This Month in New Bern, September 2015

Signers in Philadelphia Endorse Federal Constitution

Howard Chandler Christy's Scene at the Signing of the Constitution of the United States, with the North Carolina signers identified.

On September 17, 1787, a majority of delegates to the Constitutional Convention in Philadelphia approved the U.S. Constitution, with North Carolina representatives William Blount, Richard Dobbs Spaight and Hugh Williamson signing on behalf of the state. Despite advocacy for its adoption by Federalists Spaight and Williamson, the North Carolina Convention declined to ratify the Constitution until the Bill of Rights was proposed in 1789.
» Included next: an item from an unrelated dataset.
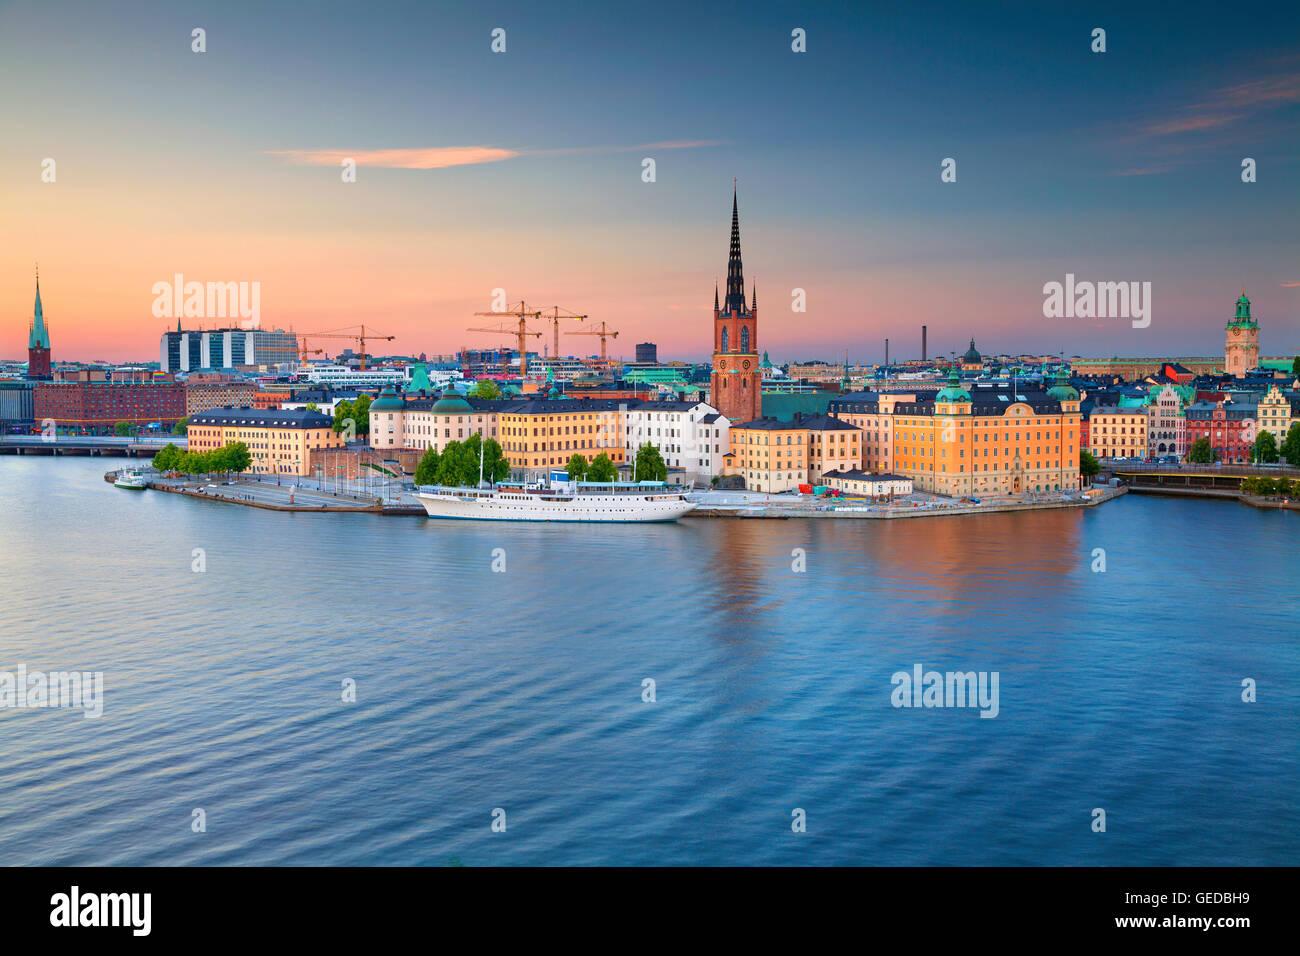 Stockholm. image de Stockholm, Suède pendant le crépuscule heure bleue. Photo Stock

A composite of North Carolina's delegates to the Constitutional Convention. Image from the N.C. Museum of History.

Interestingly, Williamson and Blount were not among the delegates originally selected. When the legislature met the previous January, it selected then Governor Richard Caswell, William R. Davie, Willie Jones, Alexander Martin and Spaight as delegates. Jones, staunchly anti-Federalist, did not accept the appointment, and Caswell was ill and unable to travel. Williamson and Blount were appointed in their stead. Davie and Martin left the convention early, leaving Williamson, Spaight and Blount remaining as signatories.
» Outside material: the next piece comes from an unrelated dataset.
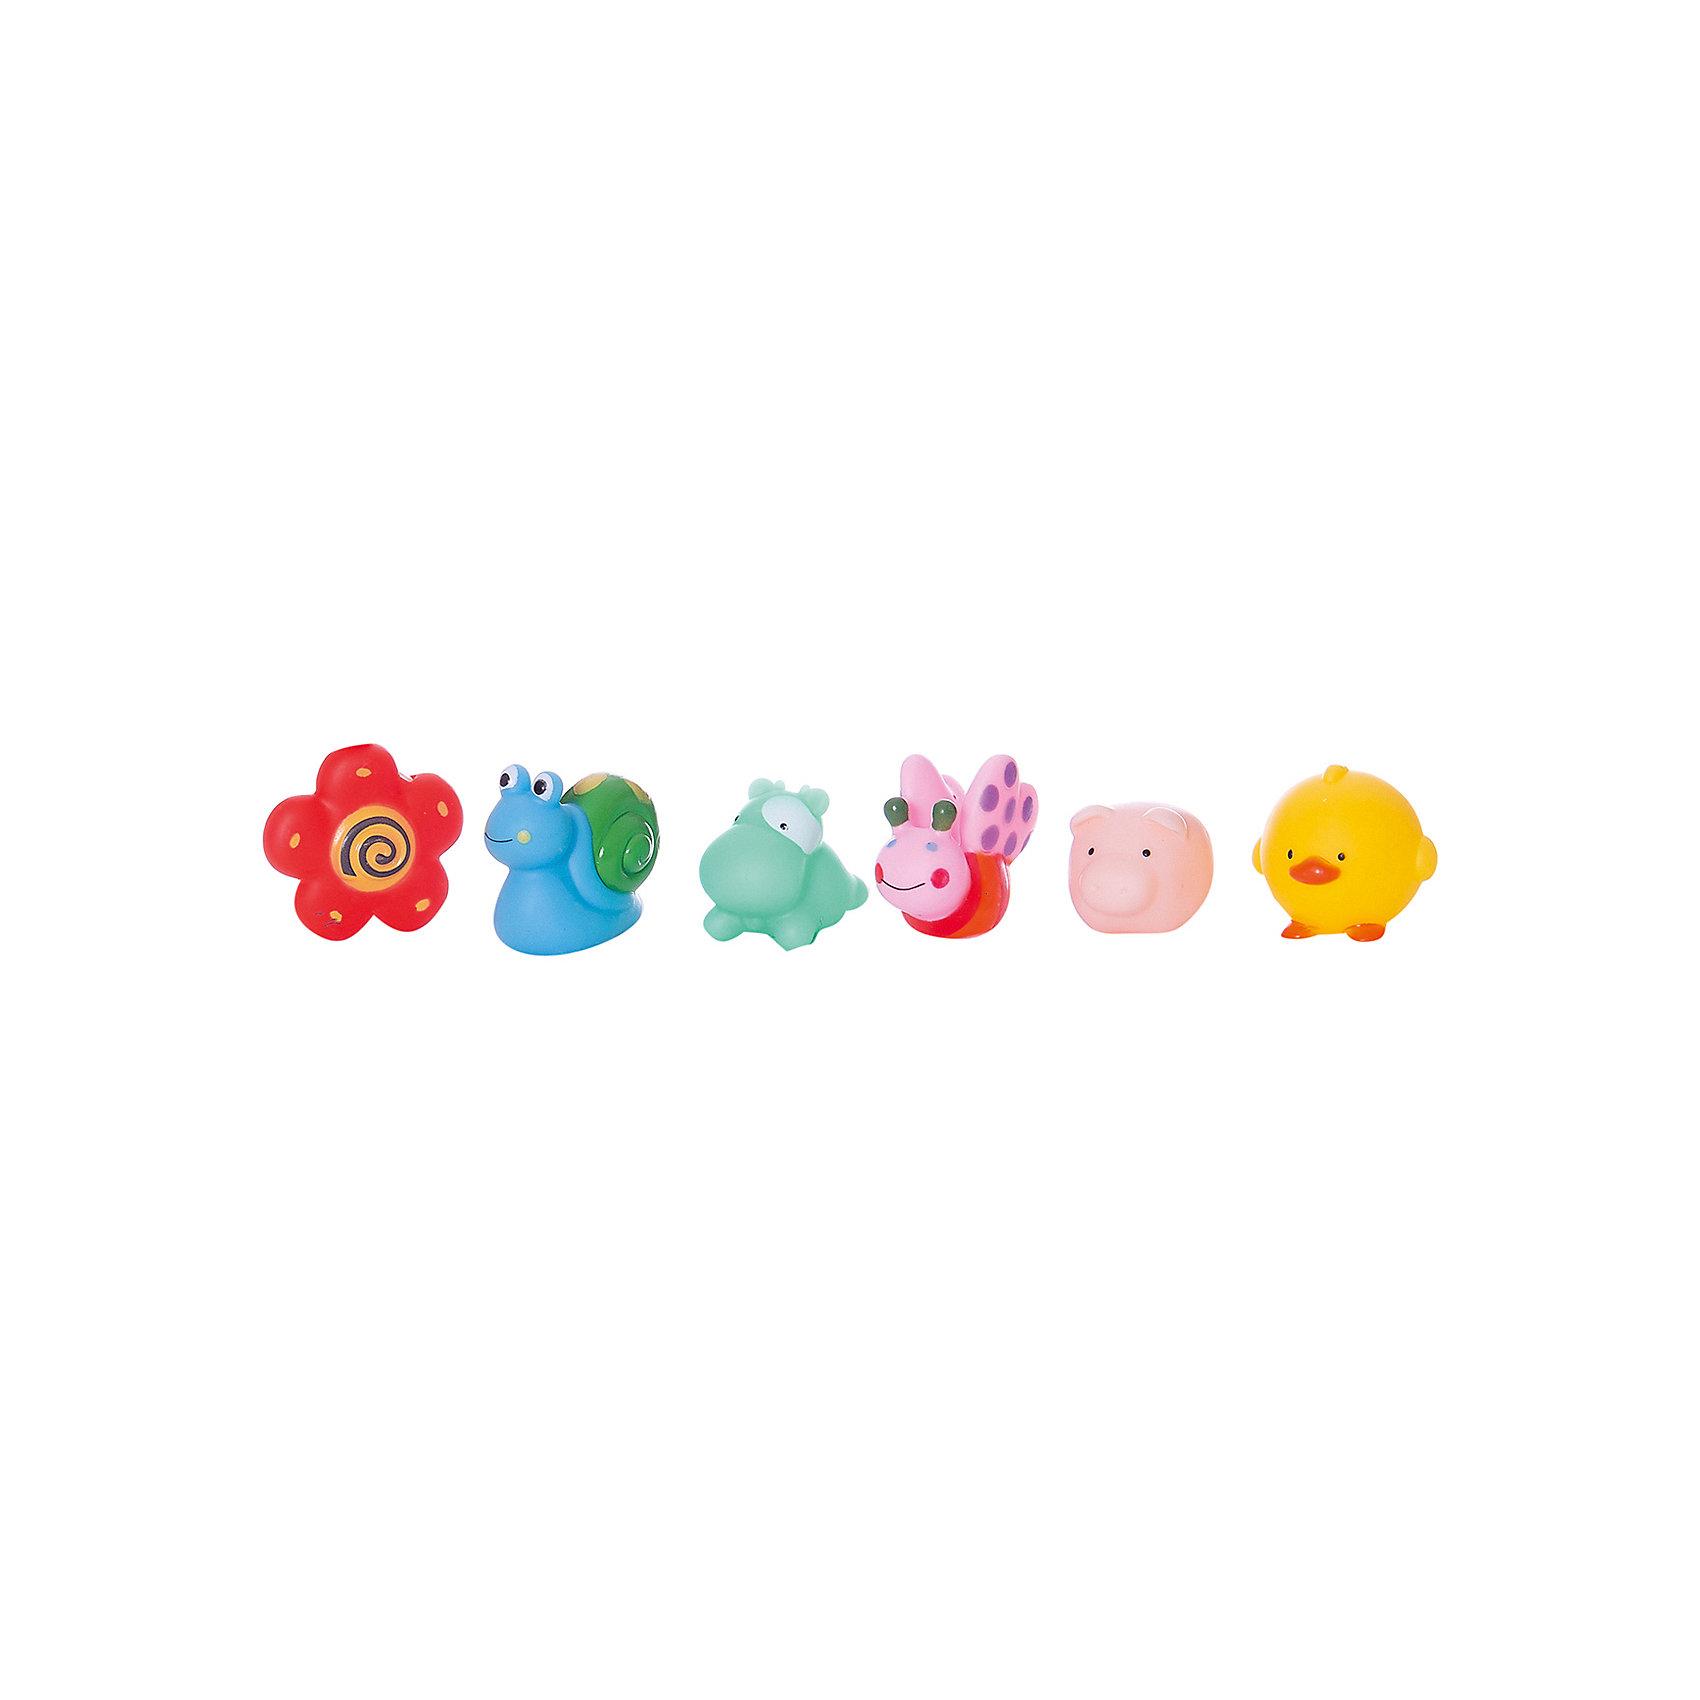 Набор резиновых игрушек для ванной Веселое купание, 6 предм., ABtoysВеселое купание. Набор резиновых игрушек для ванной, в наборе 6 шт., в пакете, 16х18х3см<br><br>Ширина мм: 160<br>Глубина мм: 180<br>Высота мм: 30<br>Вес г: 83<br>Возраст от месяцев: 36<br>Возраст до месяцев: 96<br>Пол: Унисекс<br>Возраст: Детский<br>SKU: 5500916

Richard Dobbs Spaight, from New Bern, later served as governor, and. Hugh Williamson—sometimes referred to as North Carolina’s Ben Franklin—was a physician, scientist scholar and resident of Chowan County. William Blount, a Bertie County native, was later governor of the territory that is now Tennessee, and U.S. Senator from that state as well.

A plaque in the rotunda of the State Capitol in Raleigh commemorates the three signers.

Courtesy of This Day in NC History.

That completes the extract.